Thermodynamic Interactions as a Descriptor of Cross-Over in Nonaqueous Redox Flow Battery Membranes.

Abstract

Grid-scale energy storage is increasingly needed as wind, solar, and other intermittent renewable energy sources become more prevalent. Redox flow batteries (RFBs) are well suited to this application because of the advantages in scalability and modularity over competing technologies. Commercial aqueous flow batteries often have low energy density, but nonaqueous RFBs can offer higher energy density. Nonaqueous RFBs have not been studied as extensively as aqueous RFBs, and the use of organic solvents and organic active materials in nonaqueous RFBs presents unique membrane separator challenges compared to aqueous systems. Specifically, organic active material cross-over, which degrades battery performance, may be affected by membrane/active material thermodynamic interactions in a fundamentally different way than ionic active material cross-over in aqueous RFB membranes. Hansen solubility parameters (HSPs) were used to quantify these interactions and explain differences in organic active material permeability properties. Probe molecules with a more unfavorable HSP-determined enthalpy of mixing with the membrane polymer exhibited lower permeability or cross-over properties. The HSP approach, which accounts for the uncharged polymer backbone and the charged side chain, revealed that interactions between the uncharged organic probe molecule and the hydrophobic polymer backbone were more important for determining permeability or cross-over properties than interactions between the probe molecule and the hydrophilic side chain.

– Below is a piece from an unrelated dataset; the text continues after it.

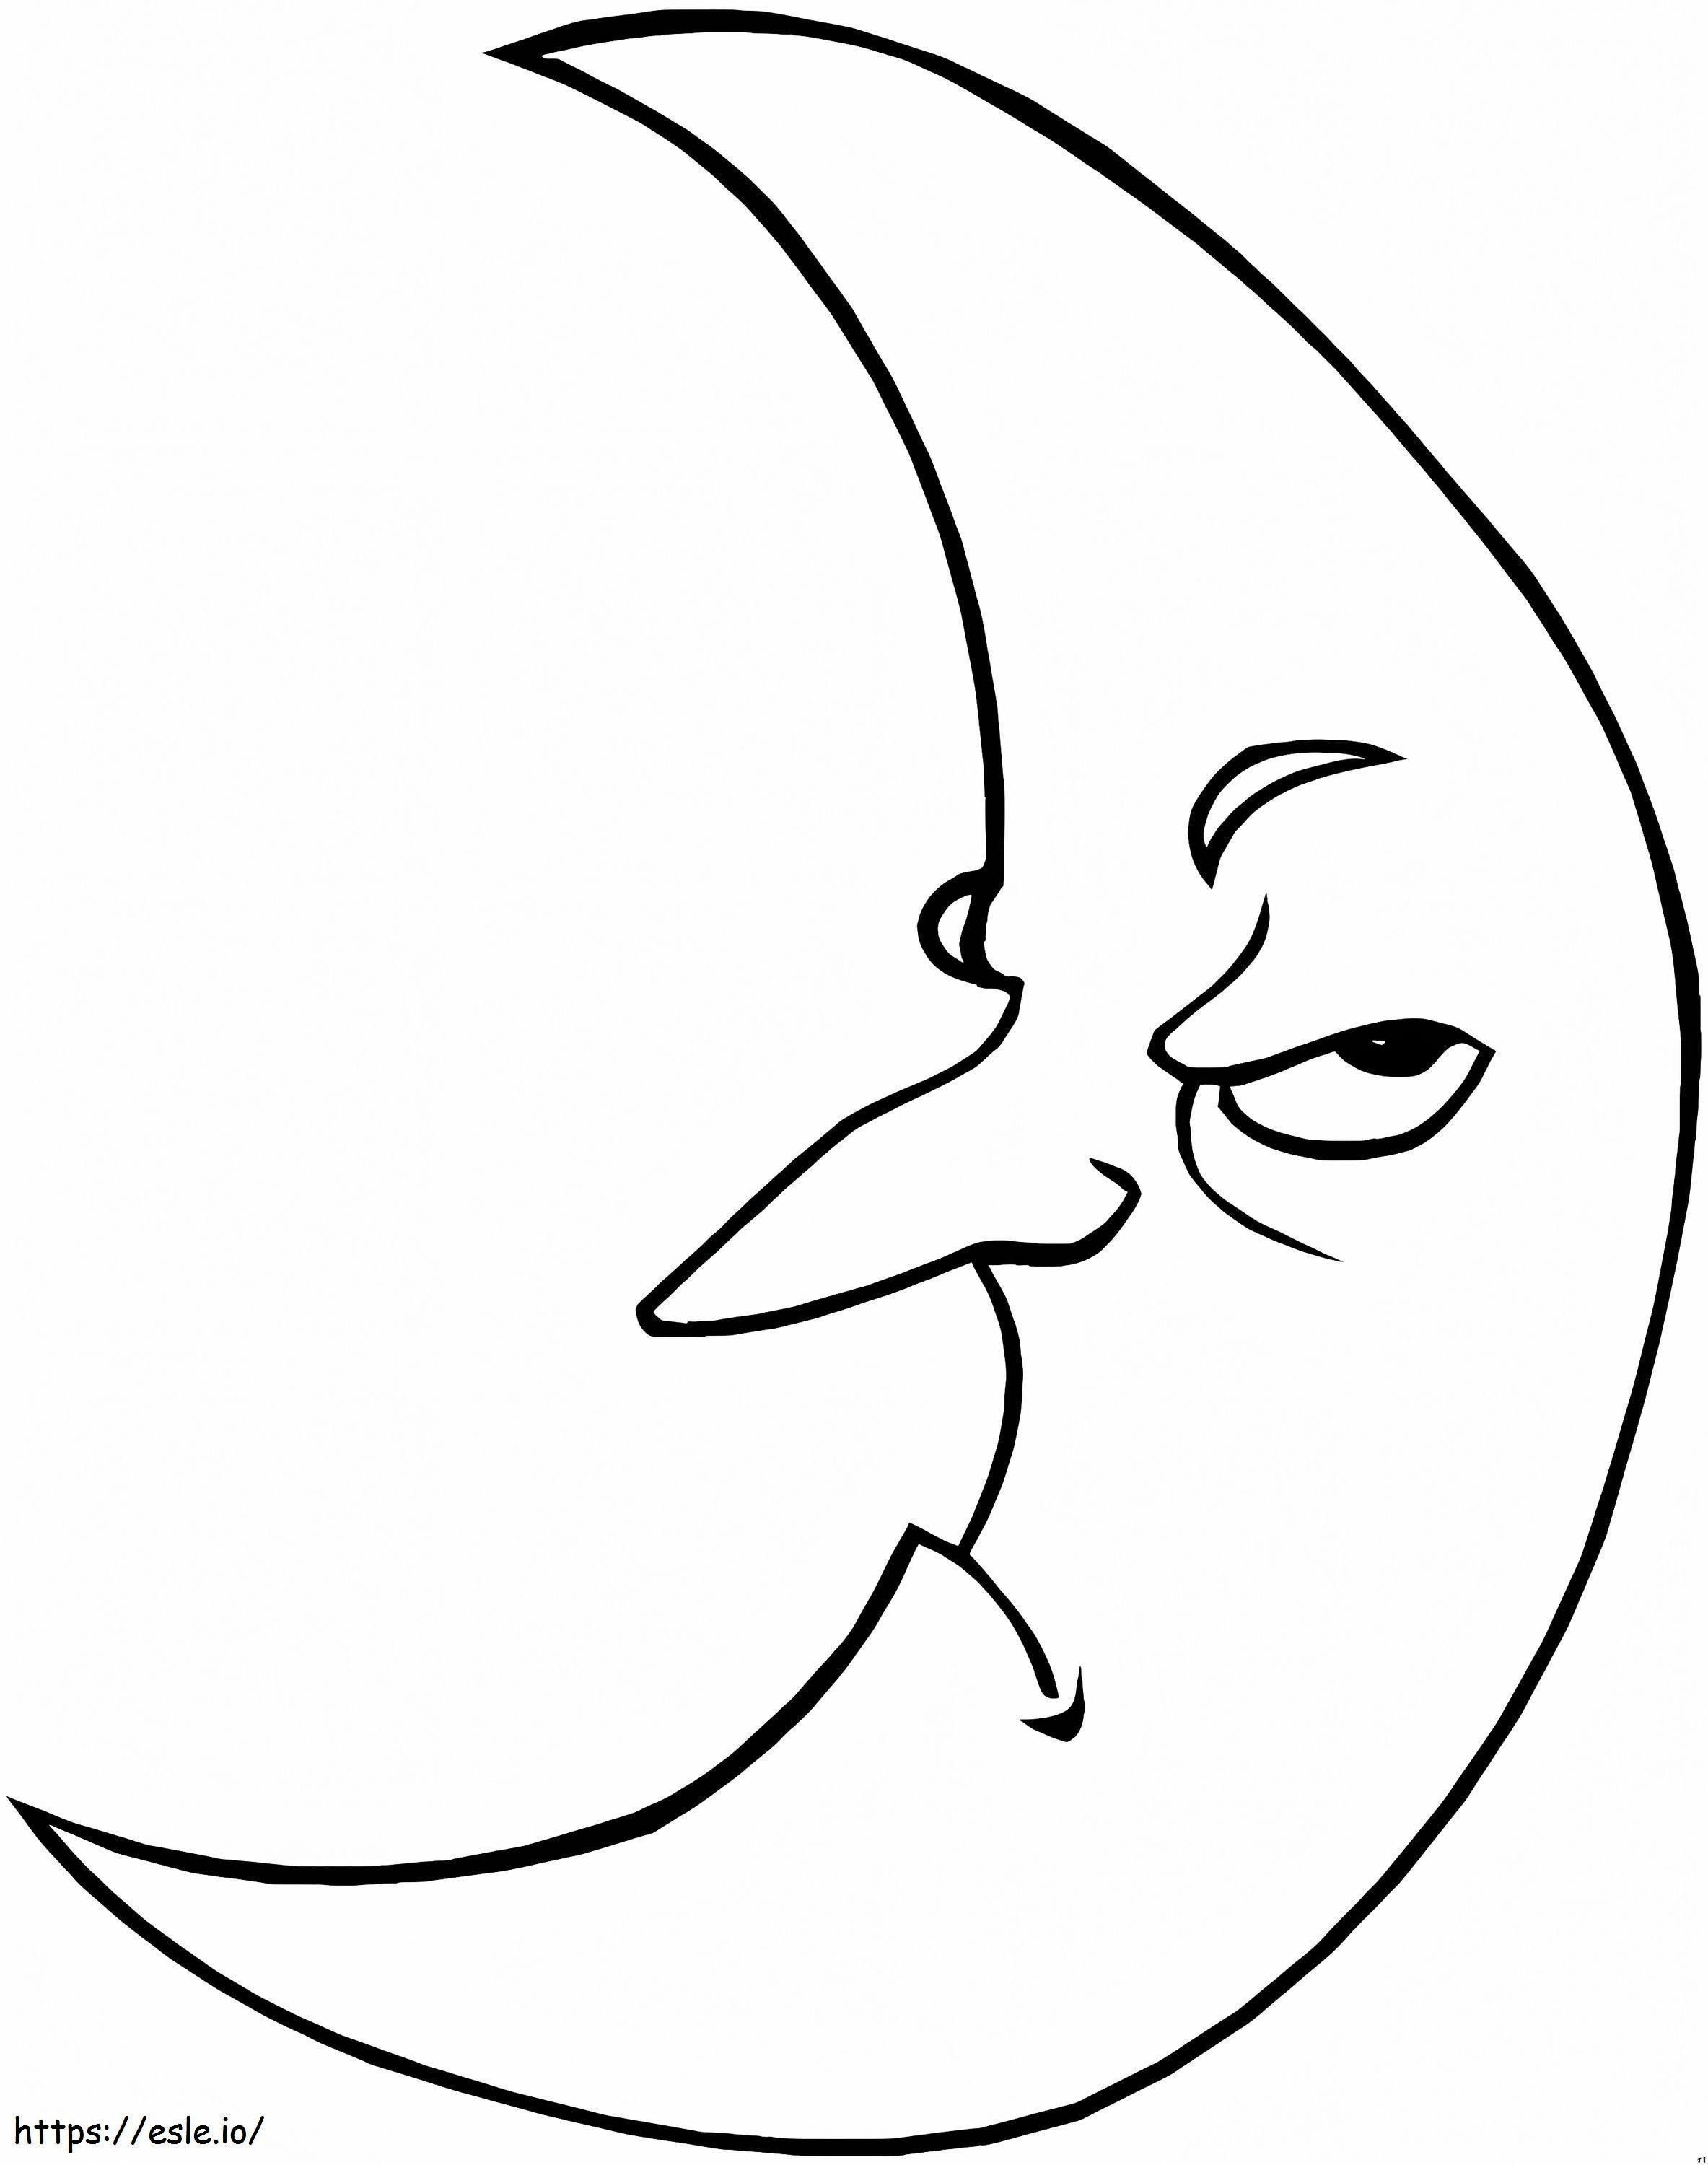 Unhappy Moon coloring page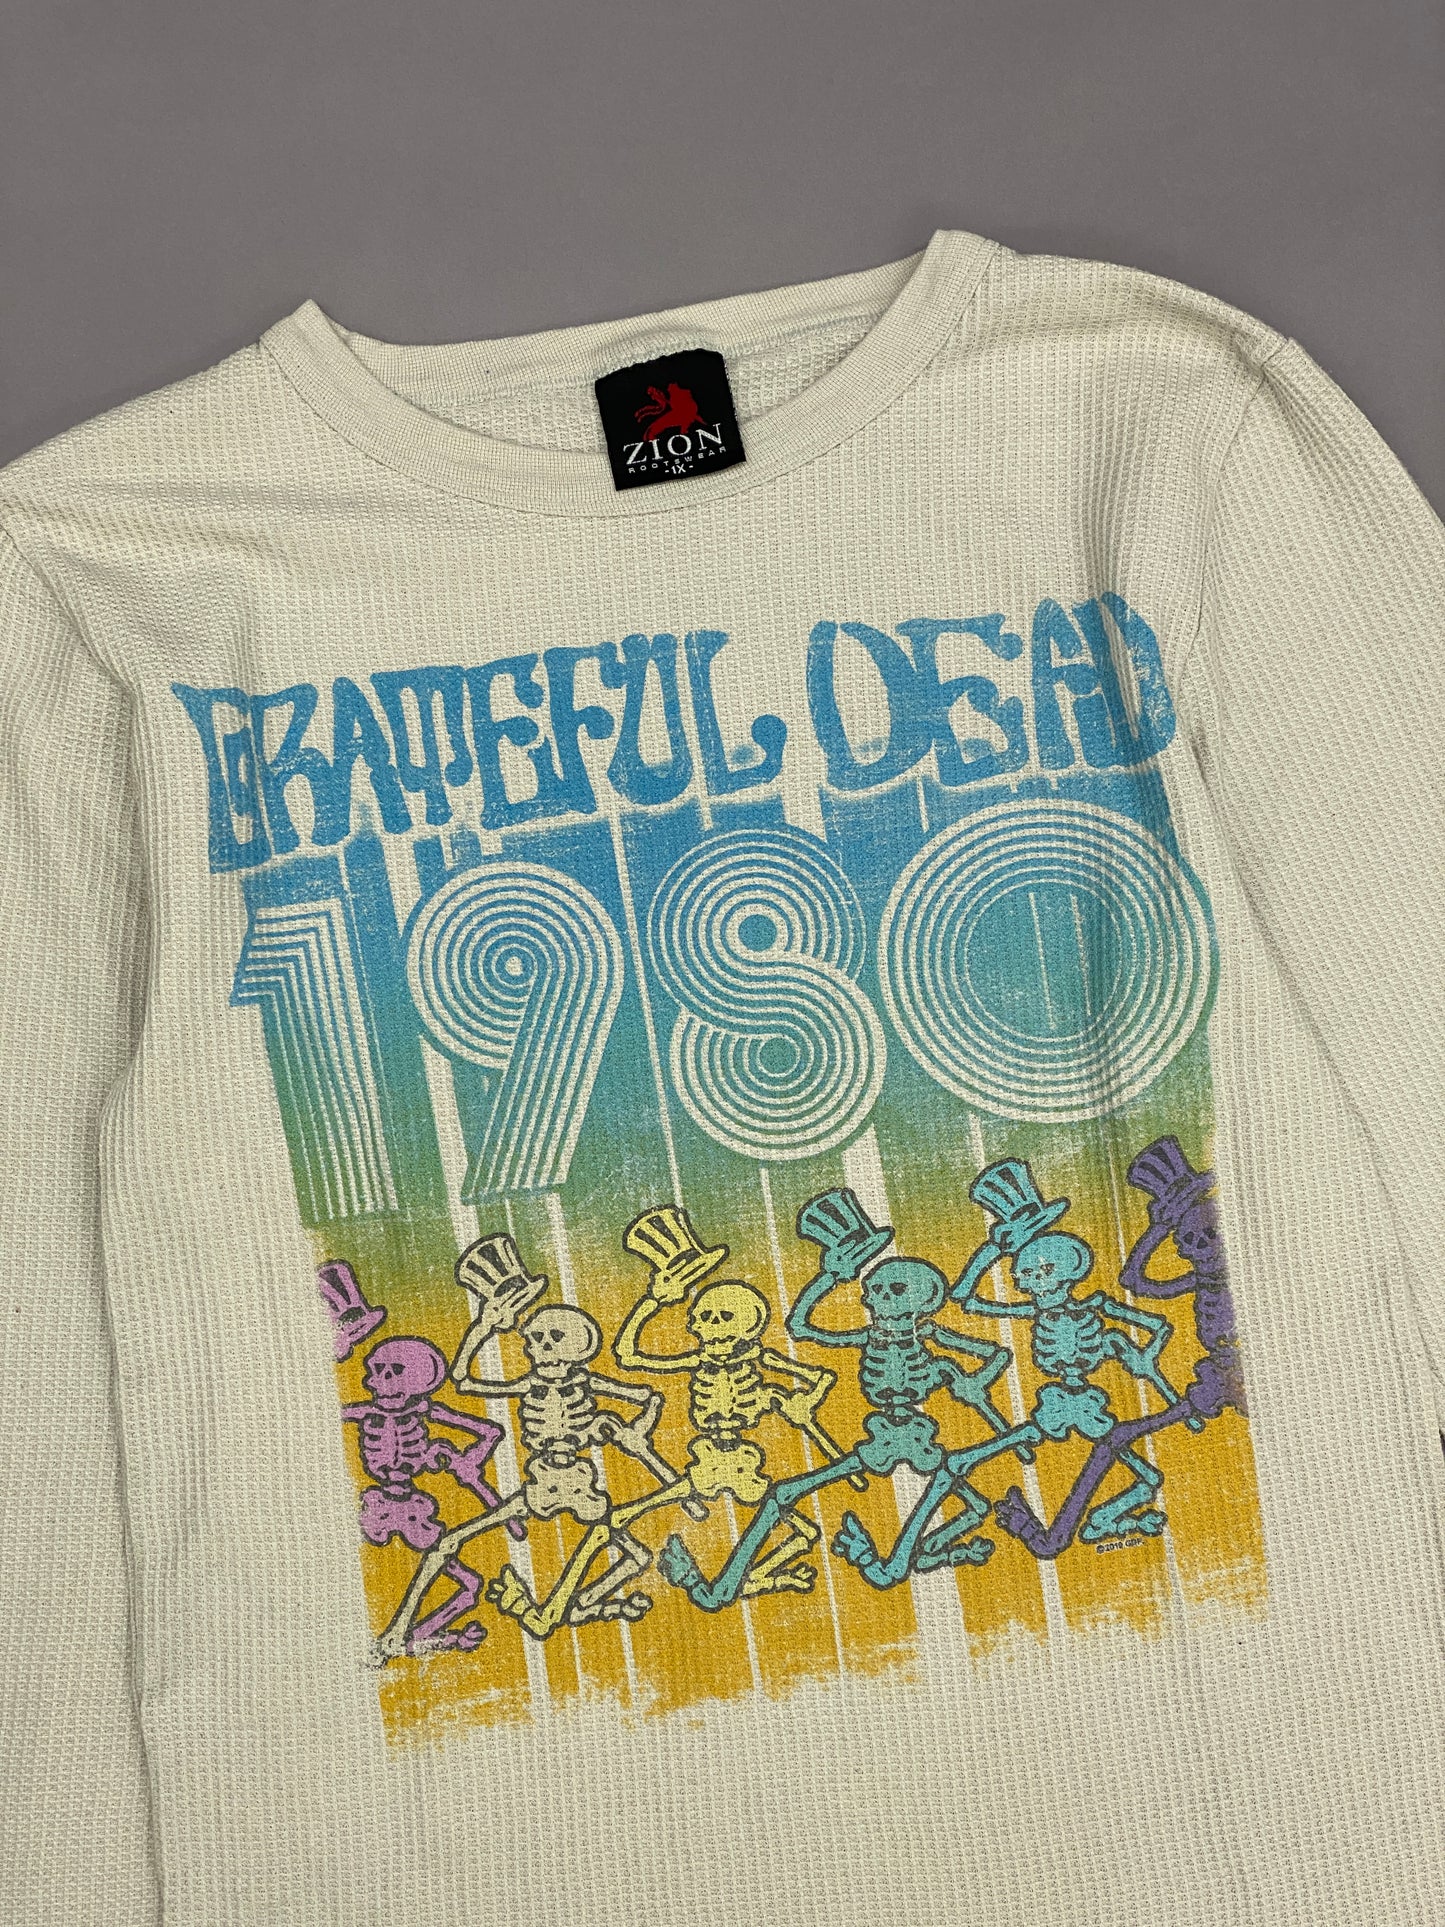 Grateful Dead Zion Thermal T-Shirt

This result is significant for nonaqueous RFBs because it suggests a decoupling of ionic conduction expected to predominantly occur in charged polymer regions and cross-over of organic molecules via hydrophobic or uncharged polymer regions. Such decoupling is not expected in aqueous systems where active materials are often polar or ionic and both cross-over and conduction occur predominantly in charged polymer regions. For nonaqueous RFBs, or other membrane applications where selective organic molecule transport is important, HSP analysis can guide the co-design of the polymer separator materials and soluble organic molecules.